Building and maintaining infrastructure on permafrost terrains entails many geotechnical and planning challenges. Ensuring permafrost’s mechanical and thermal stability notably requires detailed knowledge of local subsurface conditions and adaptation of construction timing and staging. The adverse effects of poorly adapted designs and practices combined with those of climate change exacerbate permafrost thaw and contribute to the rapid deterioration of the built environment. As a result, infrastructures established on permafrost are already subject to stability issues and at risk of failure under projected climate scenarios. Consequent rehabilitation costs, which are expected to increase and impact already limited local budgets and resources, constitute an additional source of concern.
In regions vulnerable to permafrost thaw, mapping hazards, identifying critical infrastructures, and quantifying the socioeconomic impacts of permafrost thaw is essential. The planning and design of future constructions require improving the characterization of local permafrost conditions and integrating climate predictions. Ultimately, decision support tools are needed at the community scale to support risk management and proactive adaptation strategies.
This study was conducted as part of the work package 6 of the European Horizon 2020 Nunataryuk project, which focused on the impacts of permafrost thaw on coastal arctic infrastructure. The PhD project specifically aimed at developing a multi-disciplinary approach to map permafrost hazards at the community scale and assess infrastructure susceptibility to permafrost thaw.
In order to ensure the applicability of the research outcomes at the local scale, a holistic risk assessment framework was first developed in collaboration with social and health scientists involved in the project. The framework was conceptualized to foster the identification of local concerns and co-design research objectives accordingly.
The settlement of Ilulissat, established on continuous permafrost on the West coast of Greenland, was secondly chosen to apply the framework’s principles. A constant dialogue was maintained with stakeholders throughout the project to shed light on construction and planning challenges currently experienced in the study area. Roads were identified as the infrastructure type most critically affected by permafrost thaw. Therefore, the study focused on producing hazard zonation maps of the road network to support the optimization of maintenance strategies and resources.
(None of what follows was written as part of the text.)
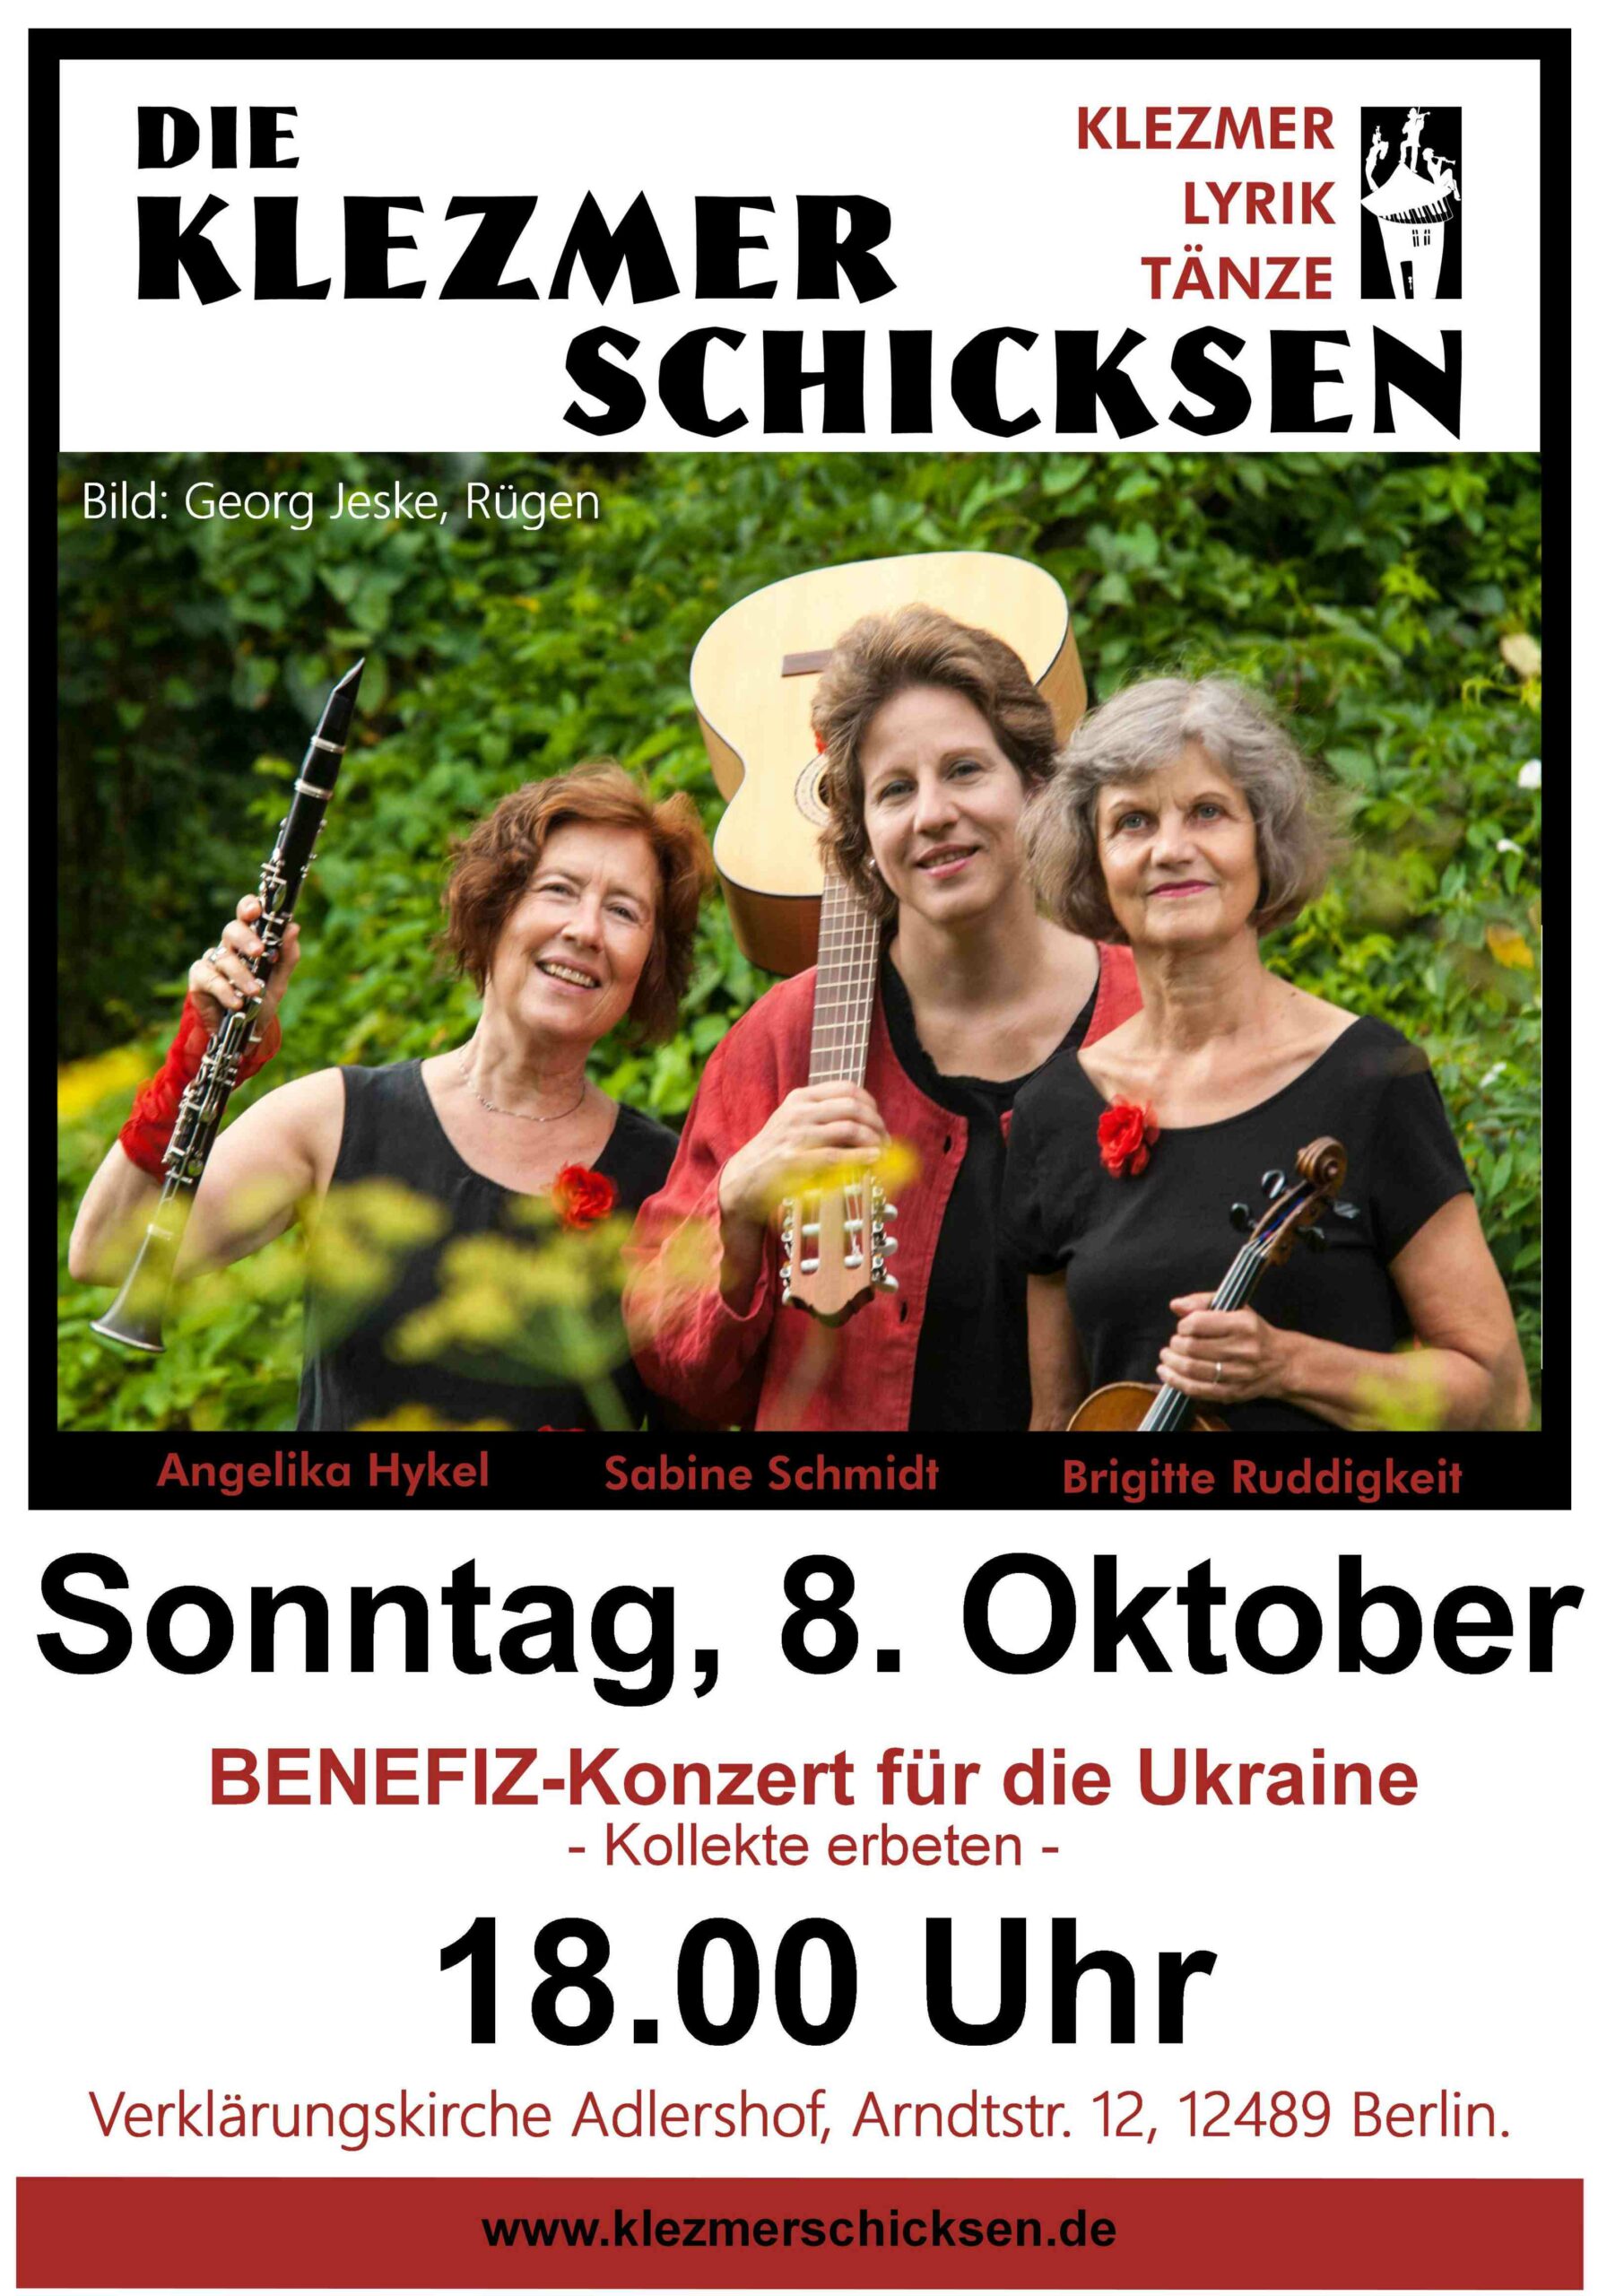 Plakat zur Ankündigung des Konzerts der Klezmerschicksen

As a first step, easily replicable methods for systematically registering road conditions were elaborated. The road network was surveyed in Ilulissat to create high-resolution spatial databases of damages and surrounding hazardous factors. The history of repairs and maintenance operations, as well as associated costs, was reconstructed with stakeholders as a first step to monitor the economic impacts of permafrost thaw on roads. The spatial distribution of damages, repairs, and hazardous factors was then analyzed to identify potential causes for the deterioration of the road network. Sedimentary substrate, water and snow accumulations were found to be spatially correlated with the occurrence of differential thaw settlements. Frequent asphalt resurfacing is currently the primary coping strategy ensuring the serviceability of the road network.
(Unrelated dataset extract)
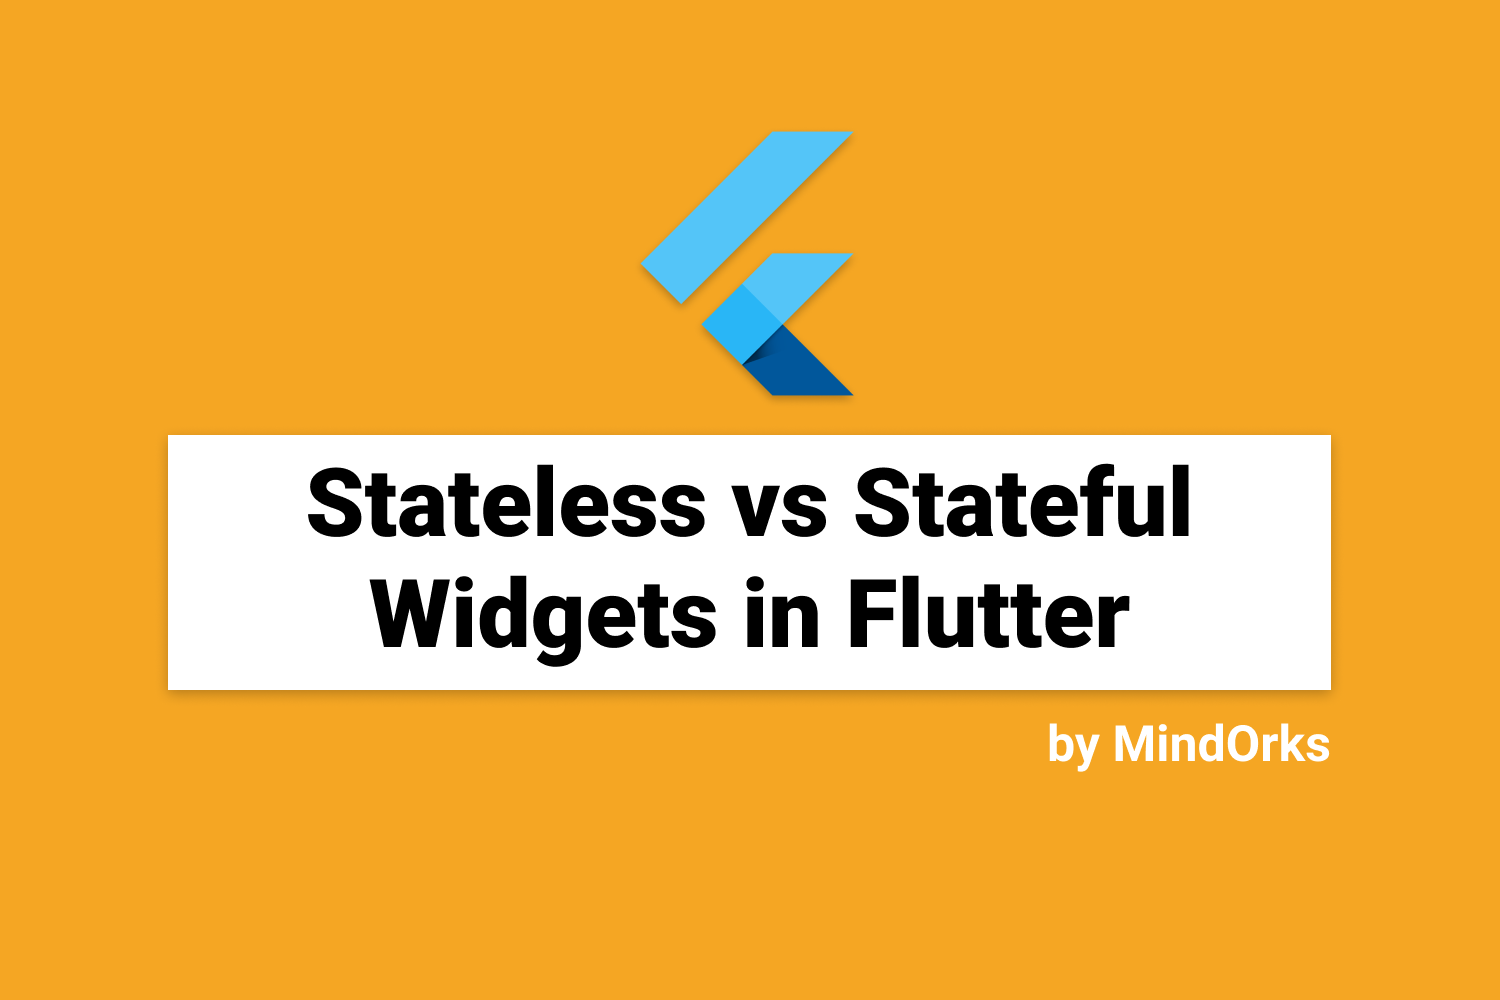 StatelessWidget vs StatefulWidget in Flutter

Using these observations in combination with remote-sensing and geotechnical data, a thaw settlement susceptibility index (TSI) was developed to identify road sections at risk from permafrost thaw. A three-class system was used to semi-qualitatively assess the existing road network’s hazards, vulnerability, and severity of impacts. The three main hazard sources previously identified and including the frost-susceptibility of the ground, water, and snow removal accumulations, were characterized as part of the study. To this aim, historical and recent geotechnical data were notably digitized to map the distribution
of different soil types. The average amplitude of seasonal thaw subsidence was secondly derived from the processing of Synthetic Aperture Radar (SAR) images. The geotechnical and remote-sensing information enabled the localization of frost susceptible areas affected by important ground surface deformations and susceptible to the occurrence or aggravation of infrastructure failures. The road networks’ thaw settlement susceptibility was finally evaluated based on the characterization of the hazards, repavement frequency, and observed level of damage. Almost 50 % of the road network surface area currently has a medium to high susceptibility to differential thaw settlements.
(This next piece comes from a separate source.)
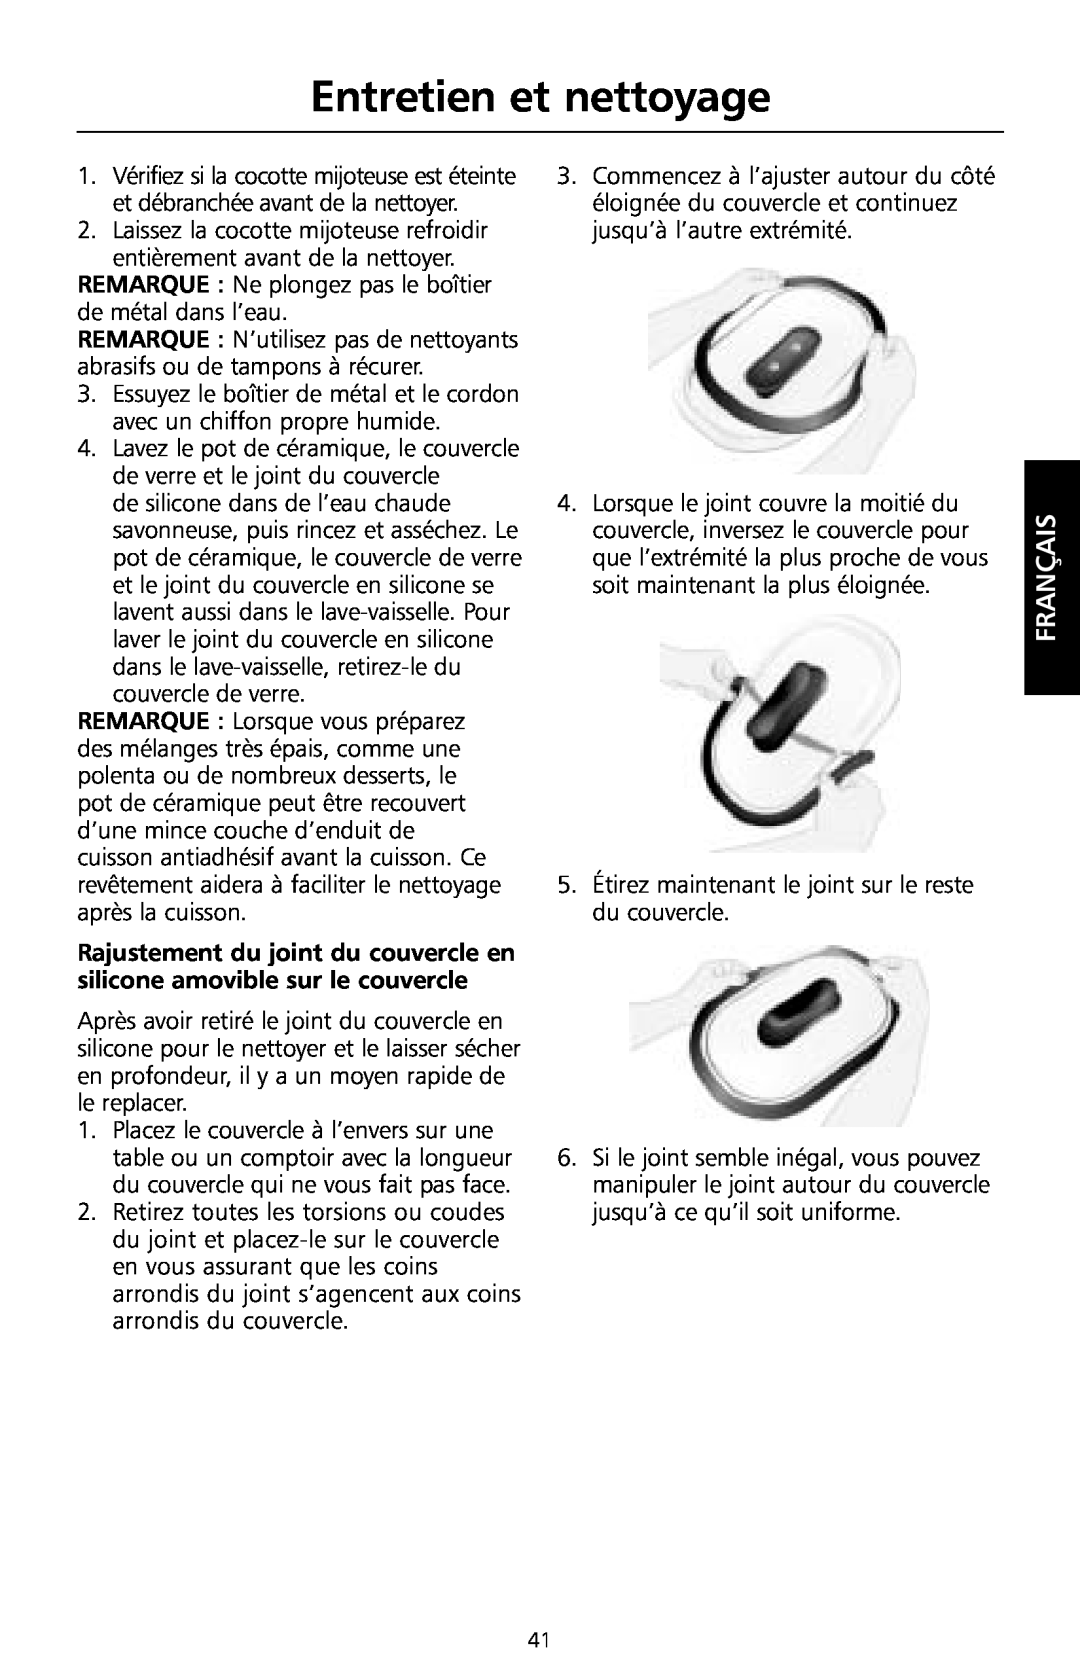 KitchenAid KSC700 manual Entretien et nettoyage, Français

This study illustrates how the production of hazard zonation maps, based on the combination of existing datasets, site investigations, remote sensing, and local knowledge, has the potential to support local planning and resource allocation. The research contributed to improving community-scale hazard and risk evaluation capabilities by: i) providing easily reproducible methods for the systematic registration of affected infrastructure and maintenance costs, ii) proposing a multi-disciplinary and comprehensive approach that can be adapted to different site conditions, needs, resource and dataset availabilities.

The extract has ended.